Он с умоляющим видом помотал головой, но не сопротивлялся, когда я потянулась, чтобы сорвать платок с его лица.

Я собрала все свои силы на тот случай, если мне вдруг станет плохо, и была готова ничем не показать отвращения, ибо знала, он внимательно следит за мной. Так что, когда платок отлетел в сторону, не я, а он вздрогнул от внезапного испуга; его глаза под тяжелыми веками зажмурились, как у кошки, когда та пугается, что ее ударят. Лицо под платком оказалось, как я и ожидала, невообразимо ужасным. Достаточно соразмерное, оно напоминало мертвую голову: щеки провалились, провал безгубого рта раскрывался по-рыбьи, обнажая желтые зубы. Сквозь неровную, словно их выдирали горстями, стерню черных волос виднелись сочащиеся болячки, покрывавшие массивный череп. Оттого что нос был небольшим и тонким, остальные части лица казались еще страшней. Но самым необыкновенным было то, что туго натянутая кожа была прочерчена — я заметила это на его лбу, щеках и горле — узором тонких линий: это были аккуратнейшие швы, будто лицо целиком было кропотливо сшито из плоти разного цвета и фактуры.

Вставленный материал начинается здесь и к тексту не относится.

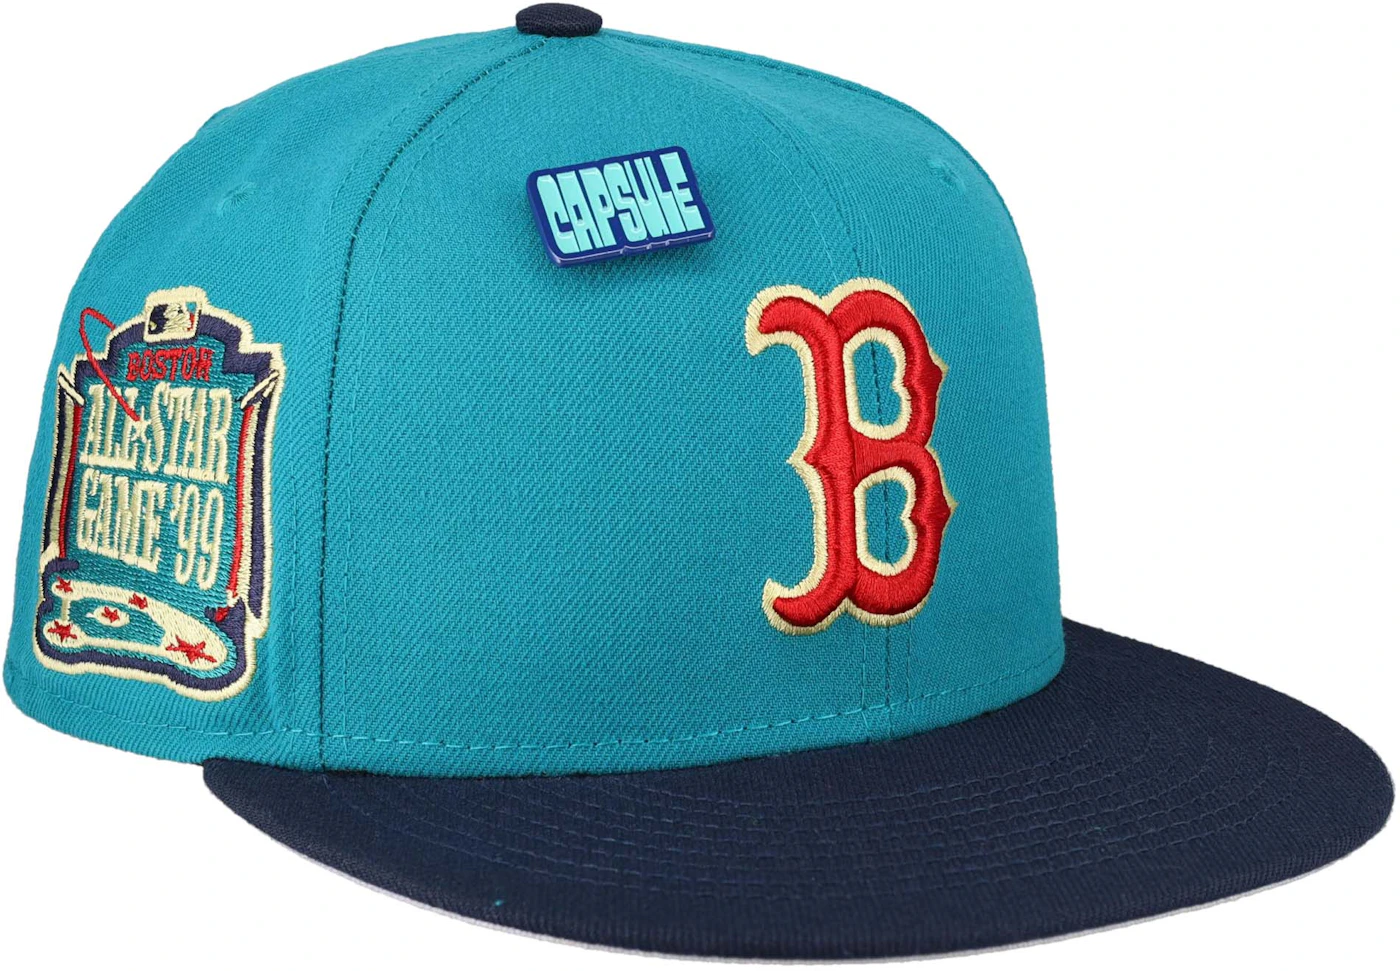 New Era Boston Red Sox Fenway Park 100 Years City of Champions Two Tone  Edition 59Fifty Fitted Hat, EXCLUSIVE HATS, CAPS

Если я не отшатнулась с отвращением, то лишь потому, что меня поразило нечто невероятное. Это лицо… Оно было знакомо мне. Я не могла сказать, откуда я его знаю, потому что несомненно не встречала Адама прежде. И все же… Наконец я изумленно воскликнула, чтобы Адам не подумал, что его вид лишил меня дара речи:

— О господи, Адам! Какая же беда могла случиться с тобой, причинив такие страдания?

Его голос, когда он ответил, прозвучал почти нежно.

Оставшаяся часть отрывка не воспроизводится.